Ganz schön viel Pech gehabt.
Vielleicht hat er sich nur abgeschüttelt um mit 35 pfund zurück zu kommen.


----------



## Bjoern_Dx (28. März 2007)

*AW: Beifang vom Boot*

Ein Maifisch letztes Jahr beim Makrelenangeln in der Nordsee. Sonst nie was außergewöhnliches.

Gruß
Björn


----------



## Leif (28. März 2007)

*AW: Beifang vom Boot*



Bjoern_Dx schrieb:


> Ein Maifisch letztes Jahr beim Makrelenangeln in der Nordsee. Sonst nie was außergewöhnliches.
> 
> Gruß
> Björn



Hi du.

Wie groß war der denn?

Stöckermakrelen sind bestimmt auch dabei oder?


----------



## Lengangler (29. März 2007)

*AW: Beifang vom Boot*

Hatte im Kleinen Belt mal nen Steinbutt auf 80gr Pilker, nicht gerissen. Der war allerdings zu klein und durfte weiterschwimmen.


----------



## Ines (29. März 2007)

*AW: Beifang vom Boot*

Ich hatte bisher: 
Grundeln, Seeskorpion, Lippfisch und Petermännchen (vor Samsö), Knurrhahn, Riesensteinbutt (leider nicht an Bord gekriegt).
Ist schon eine tolle Bandbreite an Fischen, die neben Dorsch und Butt noch so am Ostseegrund herumschwimmt. Das macht das Angeln viel aufregender.

Gruß, Ines


----------



## carphunterNRW (29. März 2007)

*AW: Beifang vom Boot*

Hatte beim Makrelenangeln in der Nordsee einen Knurrhahn.

Gruß,
CarphunterNRW


----------



## Junger Dorschler (29. März 2007)

*AW: Beifang vom Boot*

moin,

"normale" Beifänge hatte ich auch shcon, also Hering, Wittling, Horni.

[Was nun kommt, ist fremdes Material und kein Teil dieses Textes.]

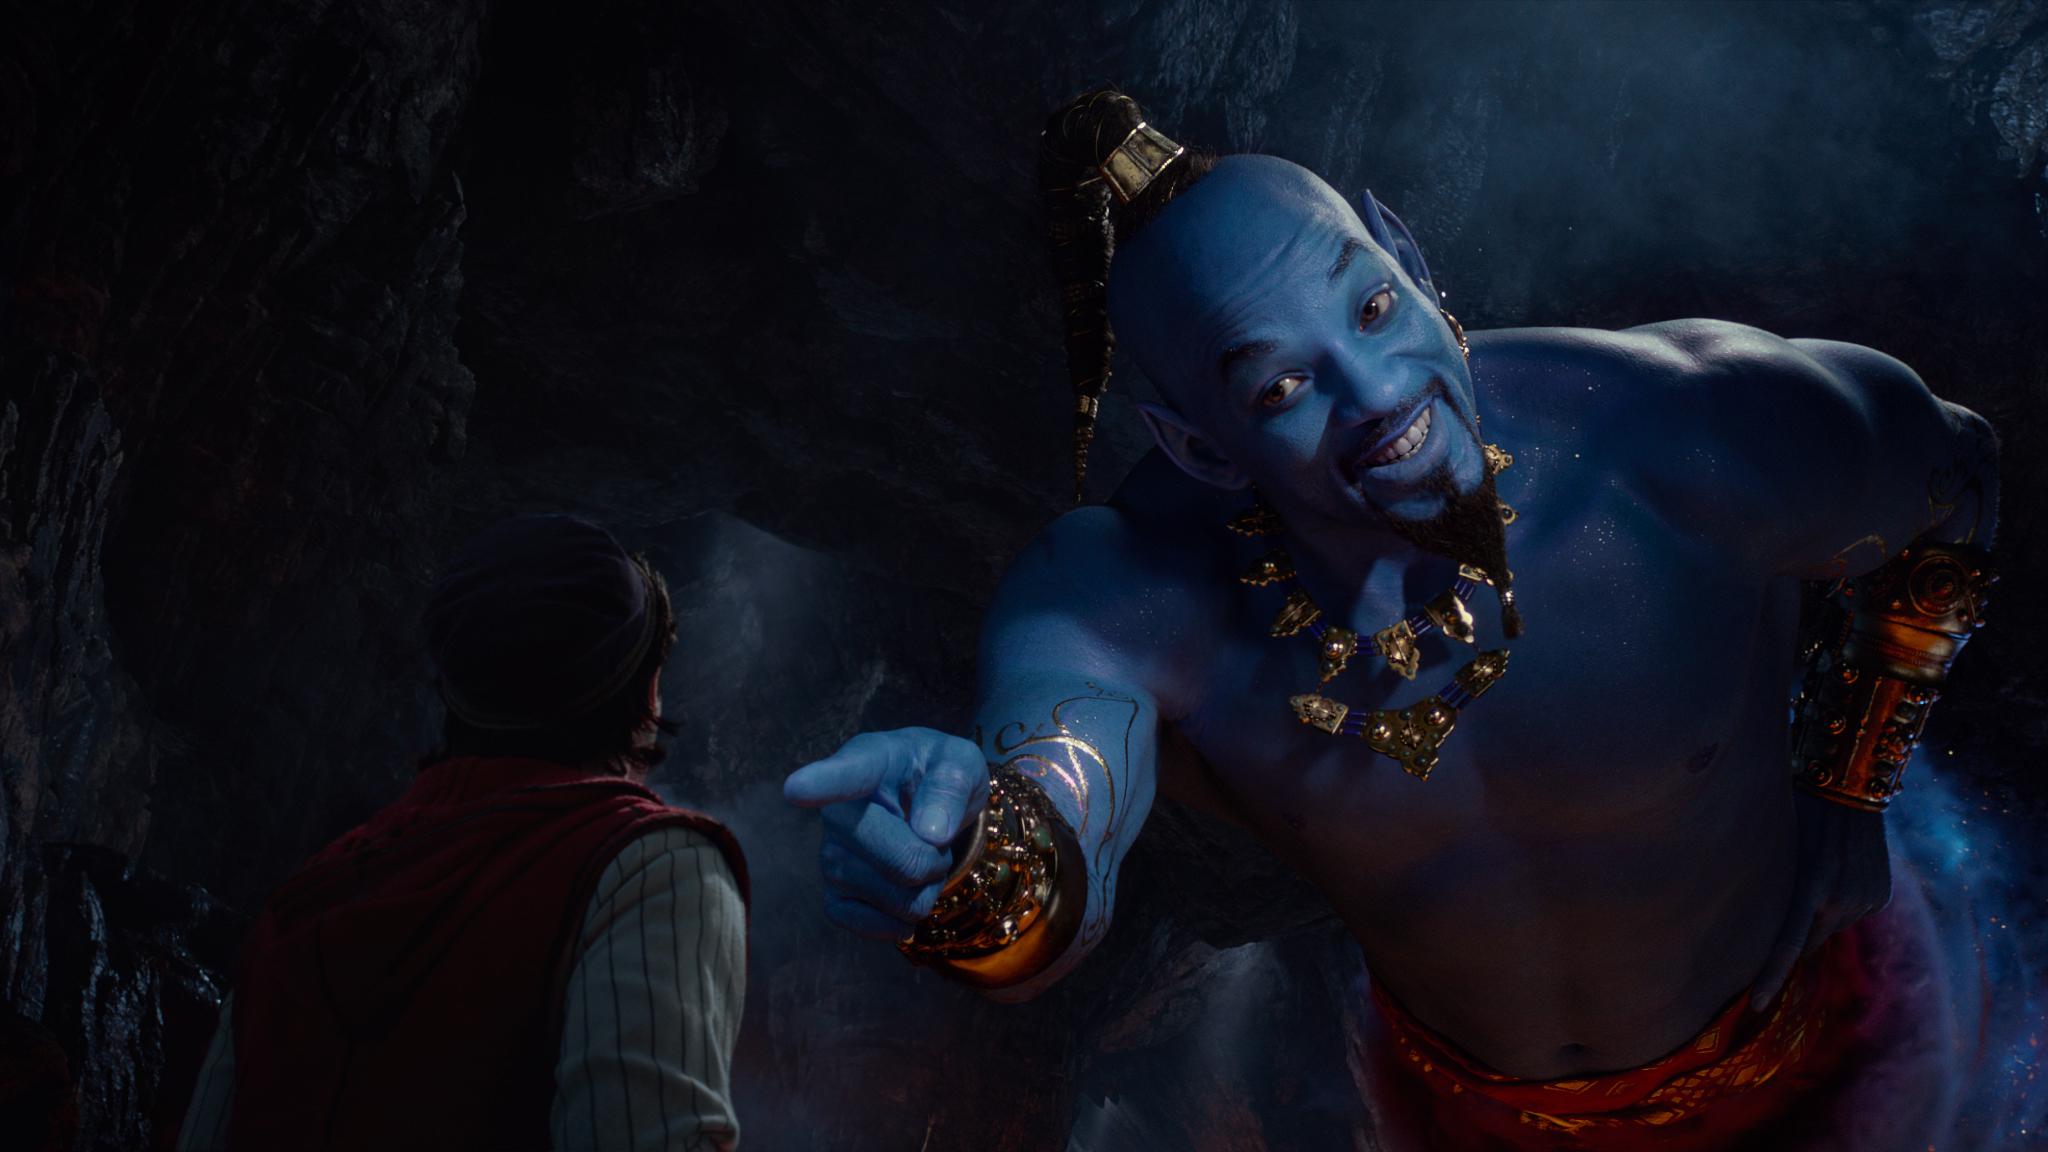 La versión original de "Aladdin" fue producida por Walt Disney Feature Animation y se estrenó en 1992. (Foto: Difusión)
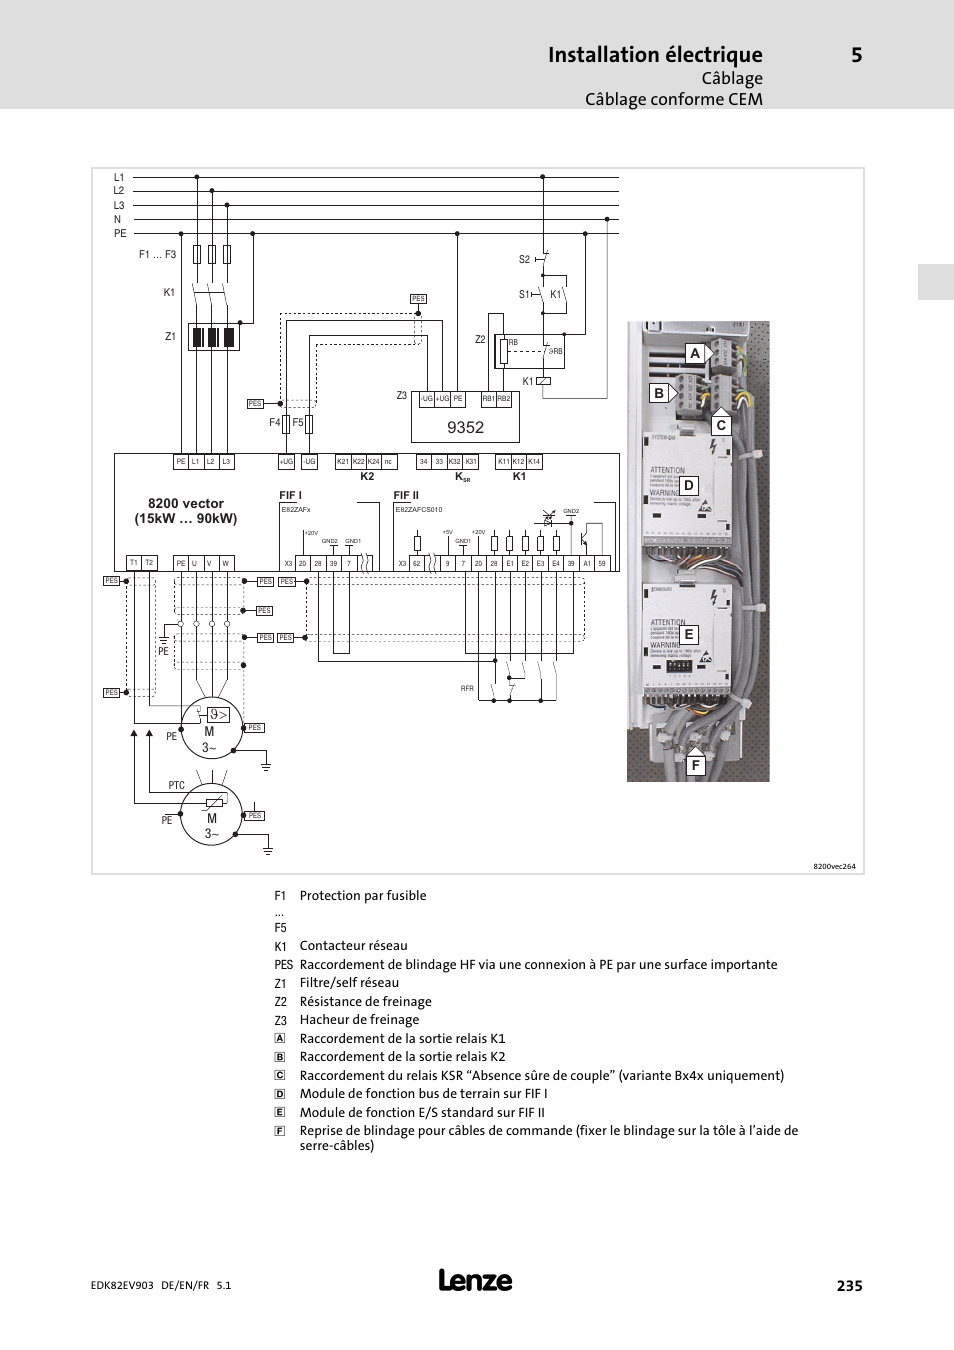 Installation électrique, Câblage câblage conforme cem | Lenze E82EV 8200  vector 15kW-90kW User Manual | Page 235 / 288 | Original mode

Ein Typ neben mir hat mal  nen richtig dicken Steinbutt, den er aber beim Gaffen verloren hat


----------



## angelschnur (29. März 2007)

*AW: Beifang vom Boot*

Hallo,
als ich das erste mal in Norwegen war hatte ich ne Schöne Langleine die vom Fischer rund 300m quer übern Fjord gespannt 
war Gedrillt!! Hatte mich schon gefreut wie ein schneekönig. Das erste mal in Norge und schon nen Helli am Band:q :q :q !
Habe die Langleine+kelinen Dorsch dann schonnend zurückgesetzt. Die Orangen Bojen die ich aus der Ferne gesehen hatte,hatten also doch eine bedeutung!!!:q 

Gruss

 Angelschnur


----------



## carphunterNRW (29. März 2007)

*AW: Beifang vom Boot*

Passt zwar nicht ganz zum Thema (Süßwasser) aber ich hatte beim Gufi-Fischen im Fluss mal nen höllischen Biss und der Fisch nahm Schnur ohne Ende. Dachte es wäre der Hecht meiner Träume. Aber leider war es dann "nur" ne Brasse von 65 cm, die den Haken voll im Rücken hatte#cDer Drill hat ungelogen bestimmt 15 Minuten gedauert. Man hab ich mich geärgert!! War nicht der "Beifang" den ich erhofft hatte

Nen 65er Hecht gabs als Trost aber noch kurze Zeit später.


----------



## andre23 (29. März 2007)

*AW: Beifang vom Boot*

....die üblichen beifänge hatte ich auch schon....aber der lustigste beifang hatte mein freund in norwegen...zwar keine langleine wie "angelschnur"....dafür ein altes fischernetz, voll mit krabben....der drill dauerte sagenhafte 2 stunden aus 180m tiefe...und wir haben unser leben noch nicht so gelacht, da unser freund felsenfest von einen heilbutt von 100kg überzeugt war...selbst nach einer stunde und ständiger, gleichmäßiger "flucht" nach unten....ende vom lied blaue flecken am unterleib "kampfgurt"...und im achselbereich, durch ständiges rute aus dem kampfgurt nehmen....und natürlich totale erschöpfung....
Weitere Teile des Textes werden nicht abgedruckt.